SEO stands for “Search Engine Optimization”. At it’s most basic form, it is the practice of making adjustments online to optimize the presence of a website on a search engine. Think: Getting top placement on a search engine’s results without having to buy a paid placement.
Paid vs Organic Search Engine Traffic
When someone, such as yourself, searches for a product, information, or a service on a search engine there are usually two types of results that appear. The first few results are normally paid placements. An advertiser pays, usually for every click, that the paid listing receives. Here’s an example of a paid listing on Google:
You will notice that next to the green website address is a bordered green box including the word “Ad” to notify the user that this is a paid placement. Almost every paid placement on a search engine is on a CPC (costs per click) basis.
With SEO, we concentrate on achieving non-paid, also known as “organic”, search engine listings. Traditionally, there are ten organic listings on each search results page. The goal of SEO is to rank a page for a search term that is relevant to that page.
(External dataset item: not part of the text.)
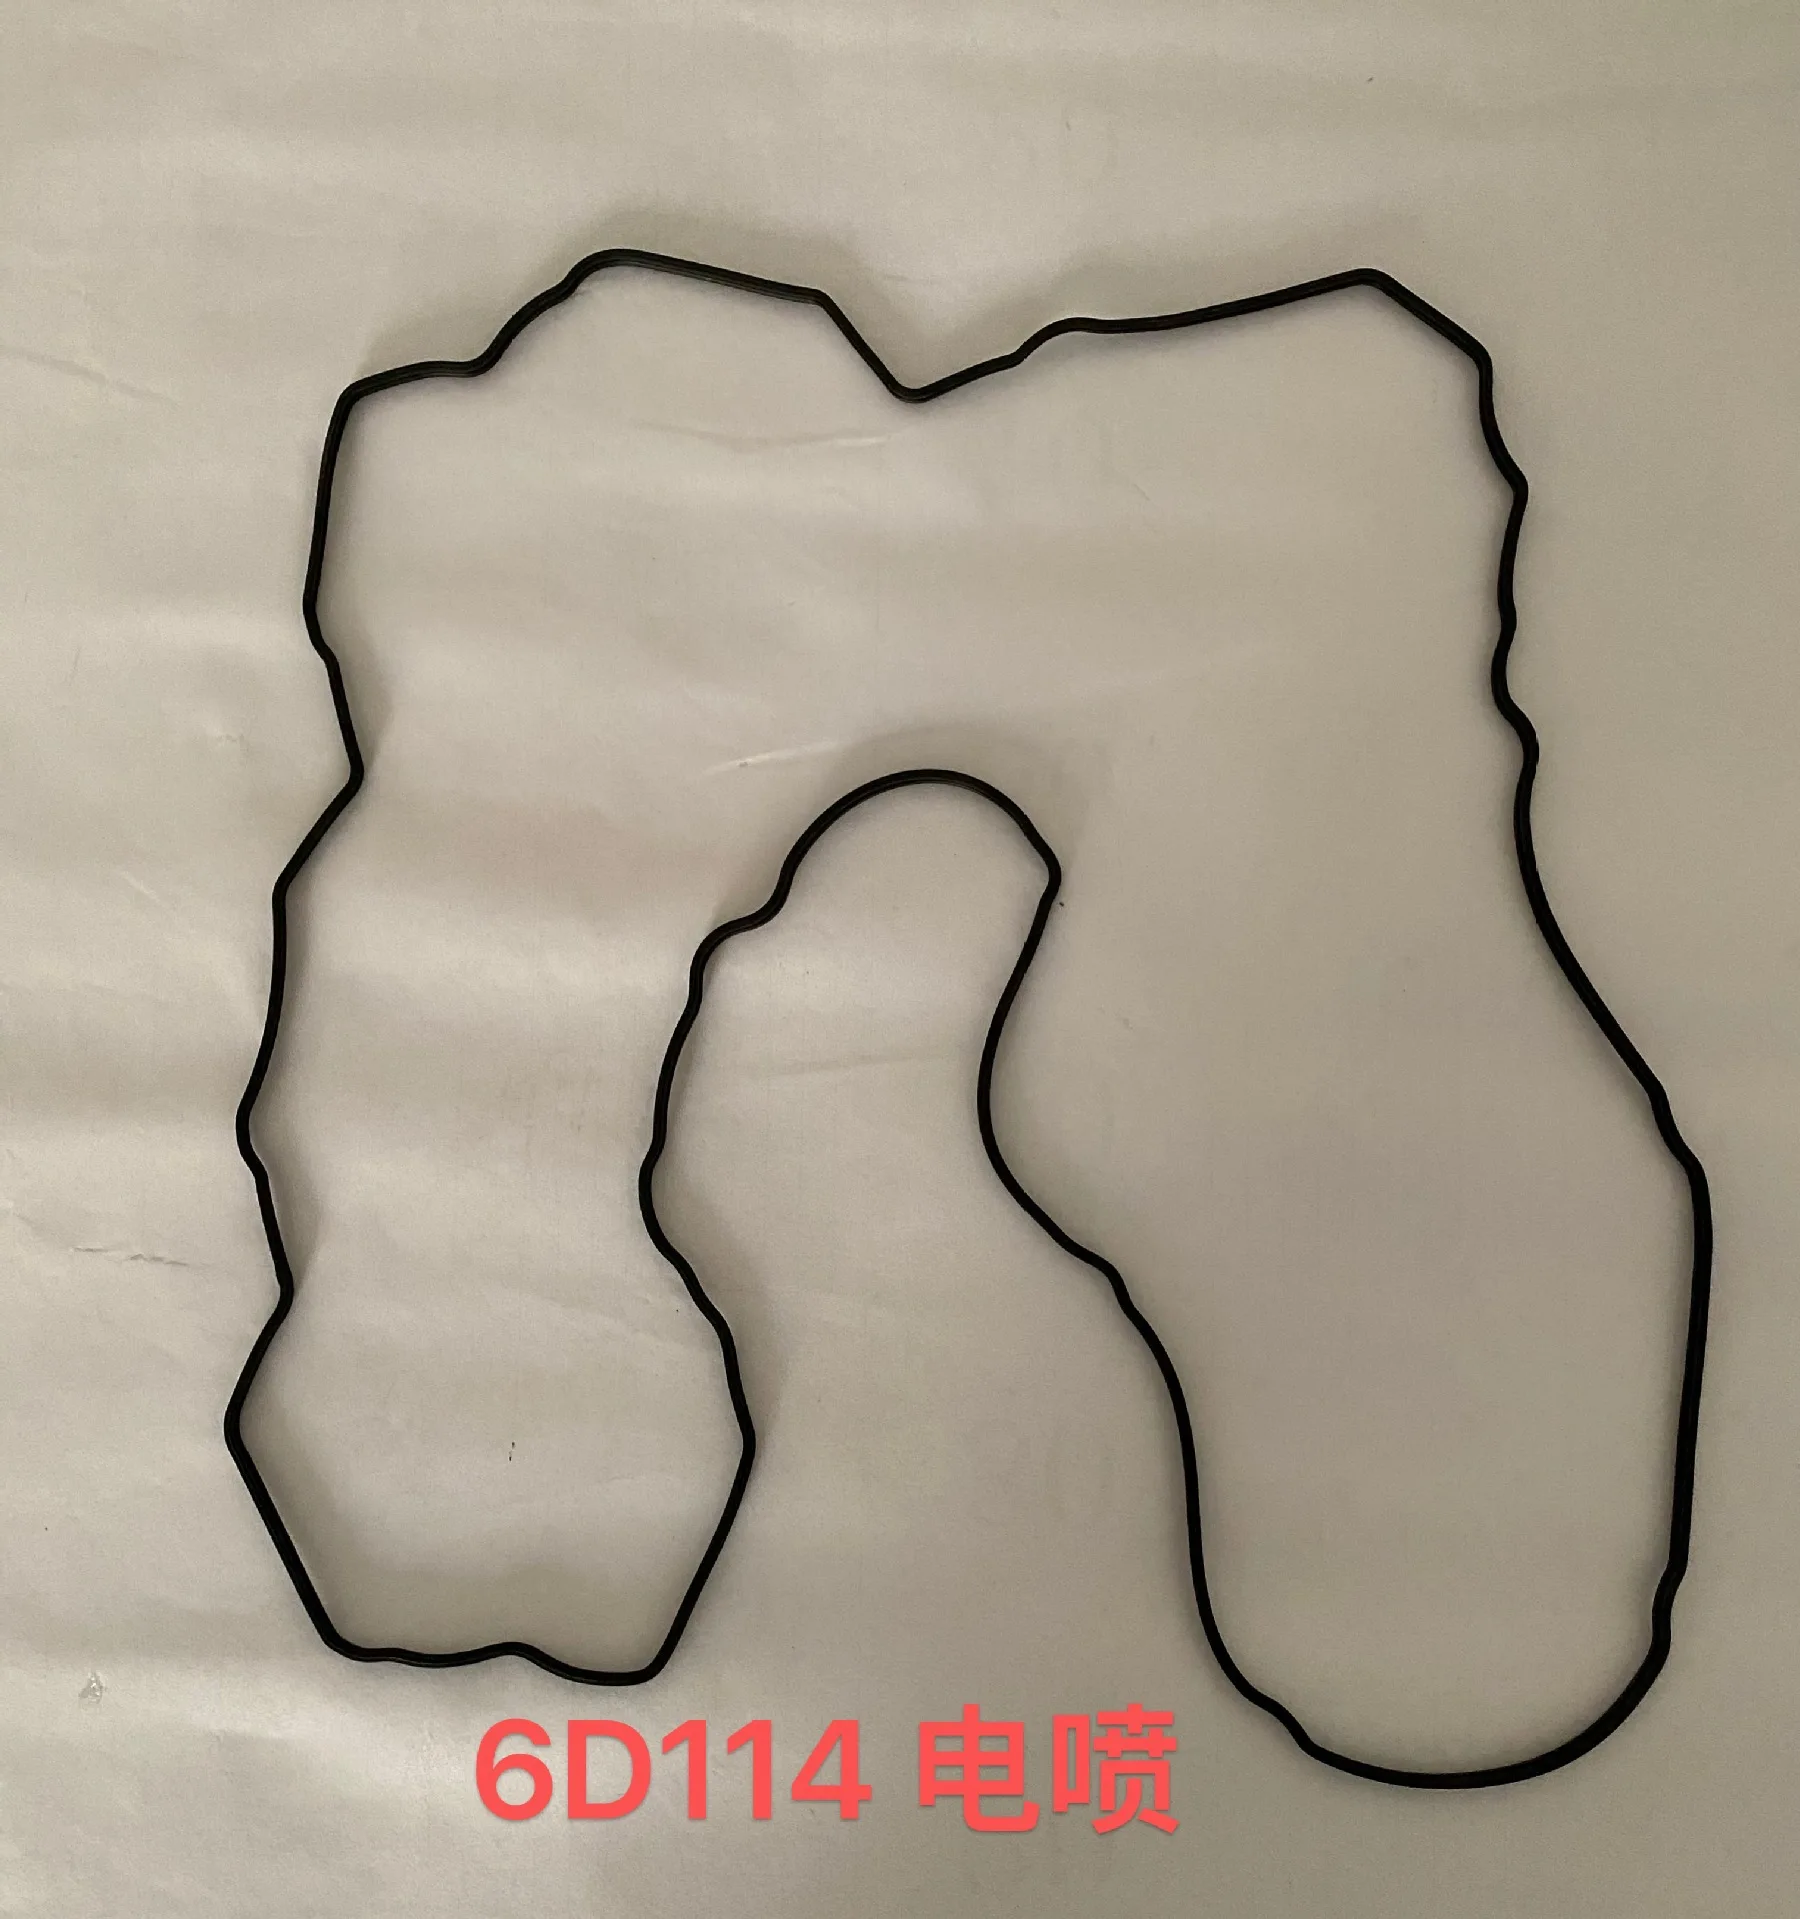 

Excavator 6D114 engine electronic injection timing rubber strip 6754-11-7810 sealant strip accessories gasket parts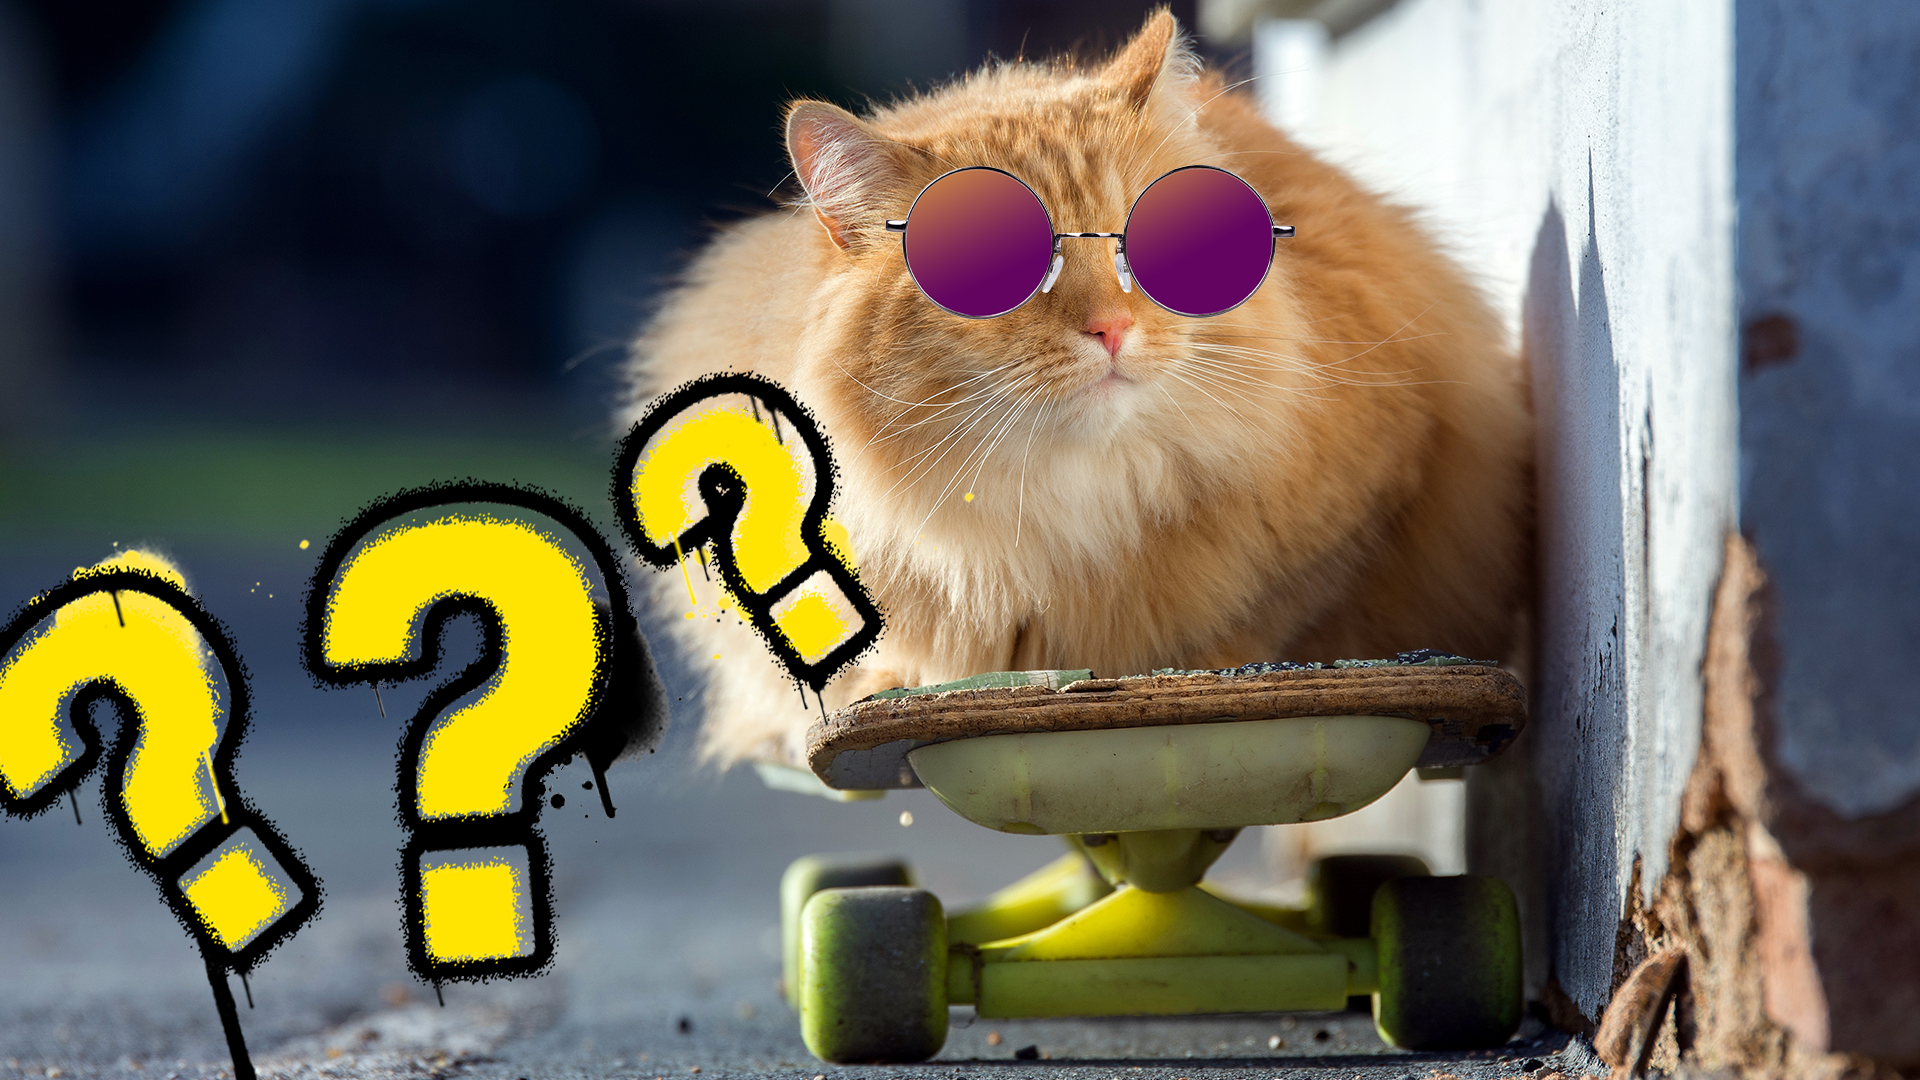 Cat on skateboard with sunglasses

Here is an example of an organic search engine listing:
Alternative SEO Listings
Aside from the traditional organic search engine listings, there are several other organic listings that a website or business can attain. The most common of these types are:
Local Packs (map listings)
As of the today, both Bing and Google display map results among their search engine results when a local search takes place. So, if you search for “car accident lawyer” the search engine knows that you’re more than likely want a local attorney. So, to better fulfill the user’s intent locally targeted traditional results and map results are shown. On Google, these types of results are often referred to as either local packs or map-pack results.
Featured “Zero Position” Snippets
Similar to how search engines show map results to better fulfill the user’s intent, search engines will now offer up a priority result at, or near, the top of the page with the answer to a question, definition, or other content that it believes answers the user’s query best. These types of results are Featured Snippets from websites and are often referred to as “Zero Position” placements. The information displayed in these features snippets are most often from one of the top three traditional organic results. Here’s a sample of a featured snippet when searching “how to tie a bow tie”:
Bringing It All Together
At the end of the day, there are many opportunities for a website to have added exposure via paid and organic listings on search engines. SEO is, at its core, the practice of optimizing a website in such a way as to give it the best opportunity to achieve a high ranking for what relevant to that page.